No reproduction without permission.
All rights reserved.
First published in 1995 by UCL Press
Reprinted 2003 by Routledge
11 New Fetter Lane
London, EC4P 4EE
Routledge is an imprint of the
Taylor & Francis Group
ISBNs:
1-85728-429-1 HB
1-85728-430-5 PB
ISBN 978-1-13422-213-1 (ePub)
British Library Cataloguing in Publication Data
A catalogue record for this book is available from the British Library.
Library of Congress Cataloging-in-Publication data are available.
Typeset in Palatino.
Printed and bound by
Antony Rowe Ltd, Eastbourne.
To my parents, Ann and Hew
Contents
The idea for this book arose out of my PhD research, and my thanks are due to those whose enthusiasms, insights and encouragement were so important to me in the research and writing of the thesis and in its subsequent evolution. I am indebted to John Holmwood for contributing so much to the development of my ideas and for his incisive, and always constructive, criticism. Thanks also to Sandy Stewart for his important insights and comments. I am grateful to Colin Bell for reading and commenting on various drafts, and to Janet Siltanen for engaging with my research at a time when she had several pressing demands to contend with. The manuscript has benefited from the detailed reading and suggestions of Bob Blackburn and Ken Prandy. With warmest thanks also to my family and friends. I cannot name them all here but I am very grateful for the many ways in which they have given support. In particular, I wish to express my deep gratitude to Wendy Bottero, for sharing so much, and contributing so much in the development and sharpening of my ideas. Special thanks too, to Ian Jones, for his encouragement and support. I am grateful also to my survey respondents who gave their time so willingly in answering my questions.
Introduction
The subject of this book is change in the transition from youth to adulthood. The approach endeavours to break with the boundaries that conventionally delimit discussion of this life course period, and offers an analysis that treats it as an integral aspect of more general social arrangements. Any separation of biography, or life course related processes, from such arrangements hinders analysis of social change. What is clear from the briefest survey of the experience of youth and young adults is the importance of a framework capable of furthering this sort of analysis. Recent decades have seen a pattern of deferral in the timing of transitions from the partial dependence of youth to the independence associated with adult status. Employment amongst teenagers has increasingly been displaced by youth training, unemployment and full-time education, the ages at which young people can expect to secure employment and a wage have risen, and amongst those young adults who are in employment, earnings have declined relative to average adult earnings. Young people tend to stay longer in their parental homes before establishing independent households, and a long run trend to younger ages at family formation was reversed in the 1970s since when a pattern of deferral by successive cohorts in the timing of marriage and parenthood has continued.

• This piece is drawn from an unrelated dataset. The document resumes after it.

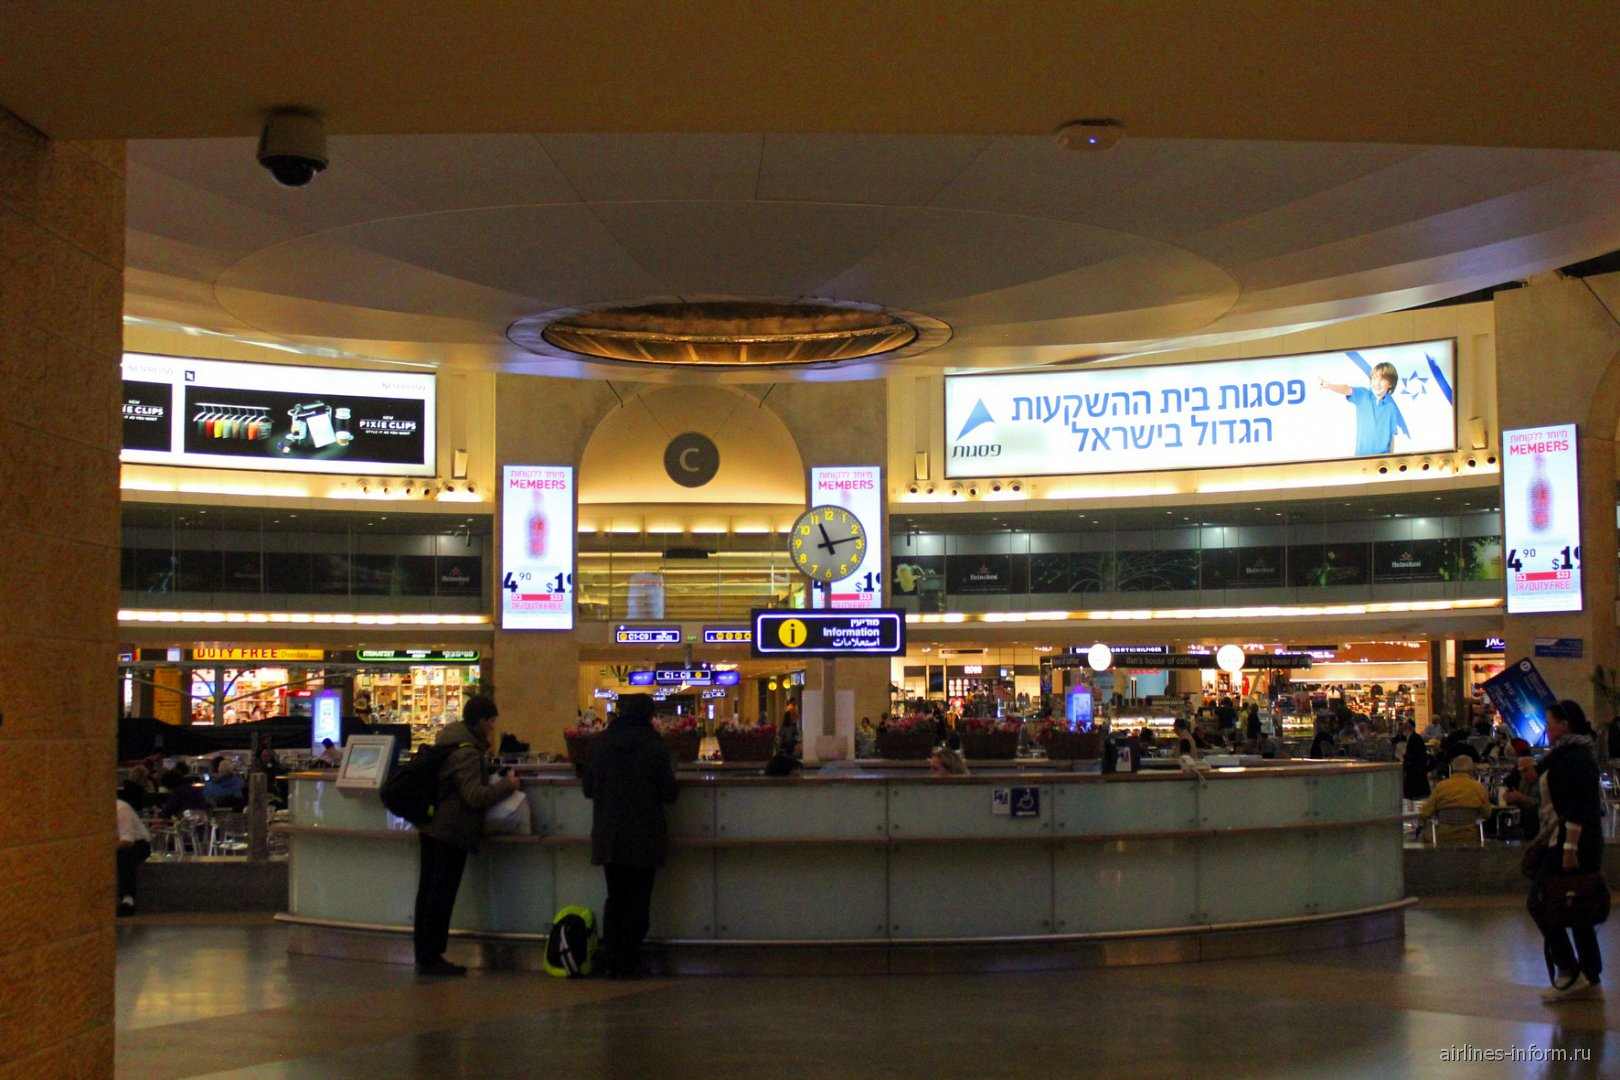 Стойки информации в чистой зоне аэропорта Тель-Авив Бен Гурион
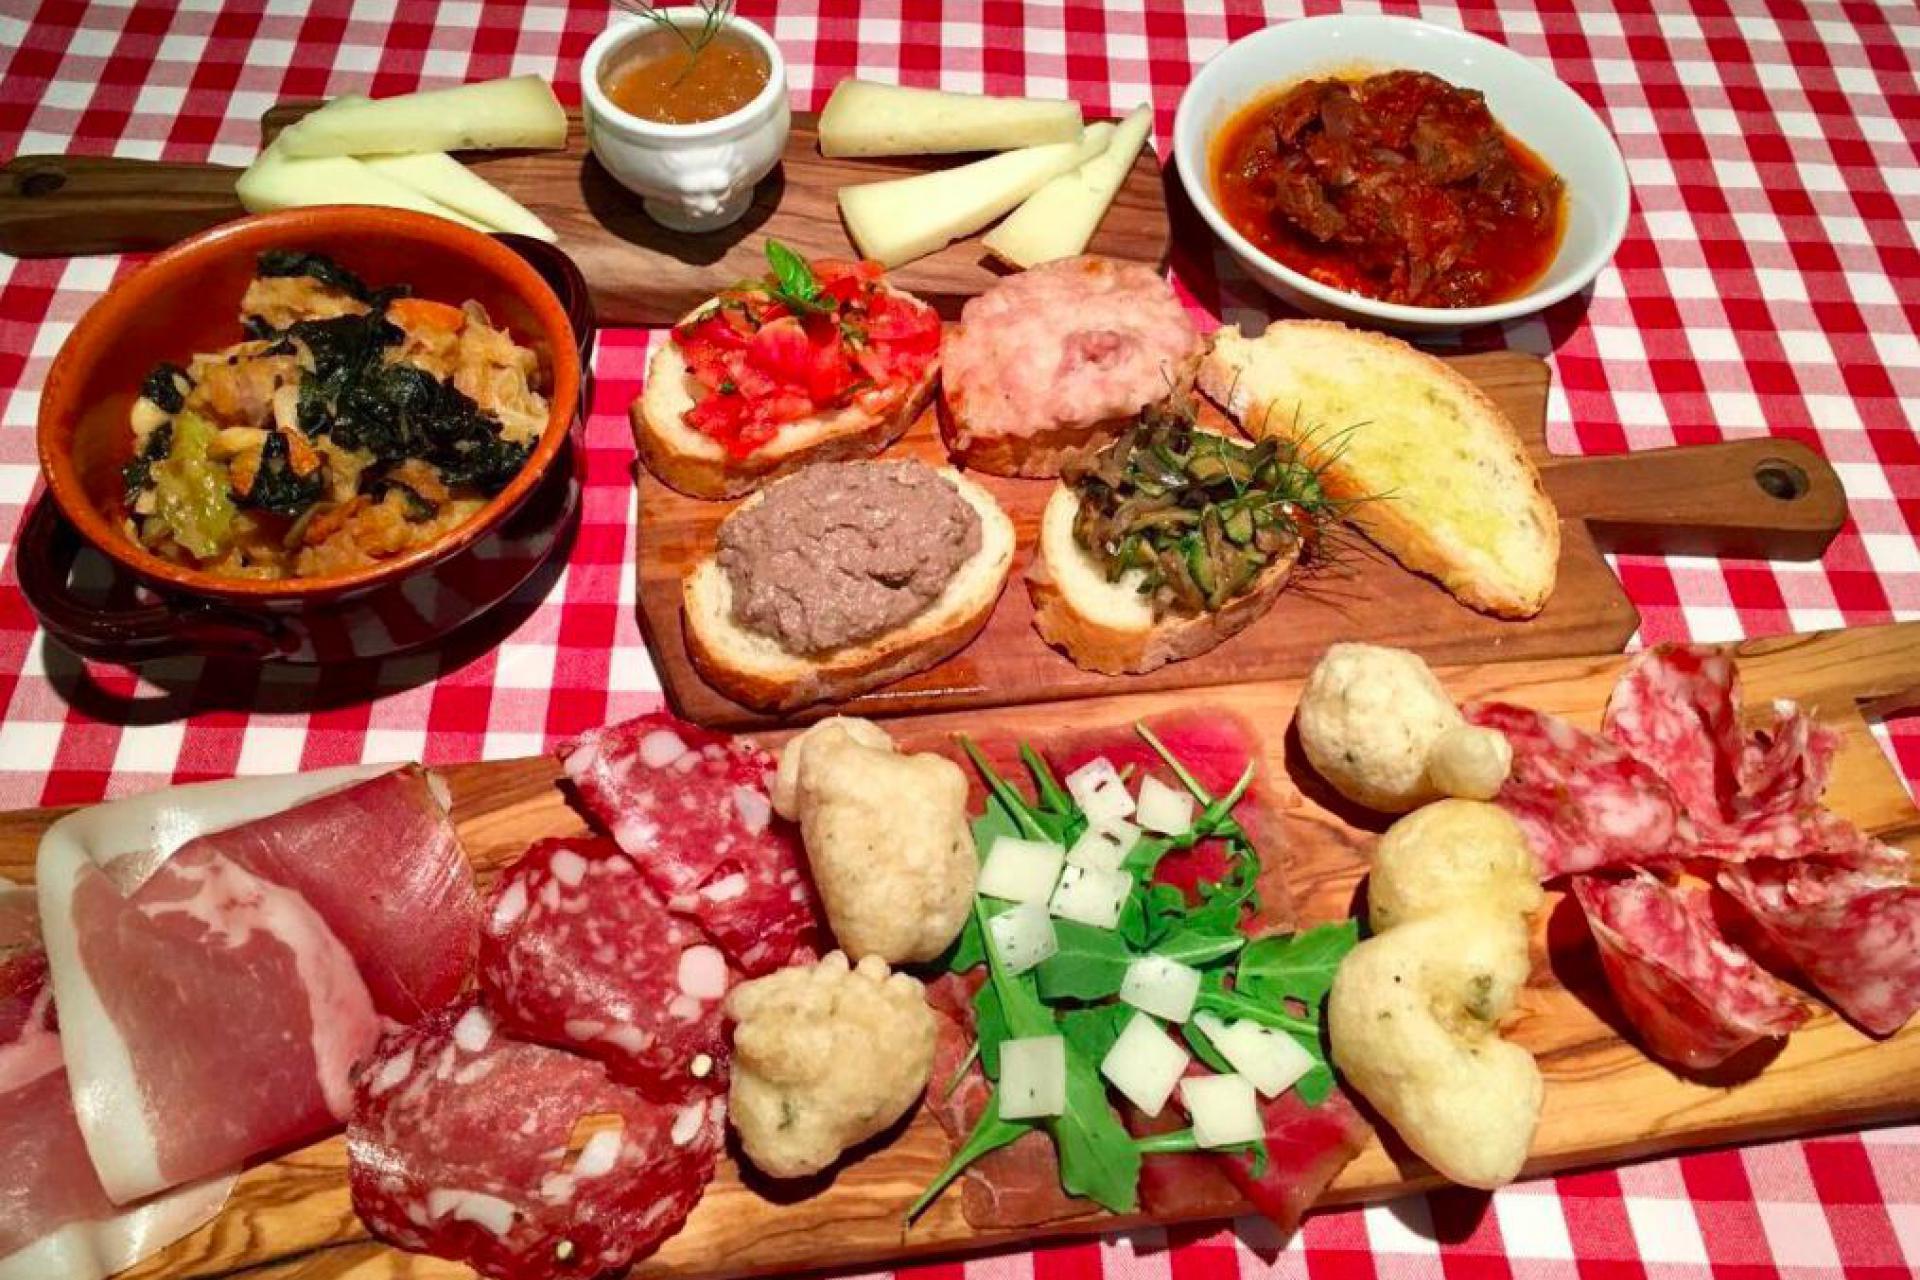 Agriturismo Toscane Kindvriendelijke agriturismo in Toscane met restaurant I myitaly.nl

These changes indicate a set of developments in relation to both employment and family arrangements. The life course careers of young people through the labour market and the domestic sphere have been a central concern in recent analyses of youth and the transition to adult status. Much research in the area has been dominated by a concern with the family-related consequences of economic restructuring. Here, employment security is seen as important to the ability of young people to attain independence from the parental home, and establish new households and new families. Economic retrenchment, mass unemployment and the collapse of employment opportunities, and the increasingly limited scope for young people to secure the means to independence at a young age have made urgent the questions of their ability to attain adult lifestyles, and of their life chances. A number of writers have addressed a hypothesis of deferral amongst young people, in the attainment of adult status, and in the timing of independence, marriage and parenthood, as a consequence of changes in the structure of youth employment opportunities.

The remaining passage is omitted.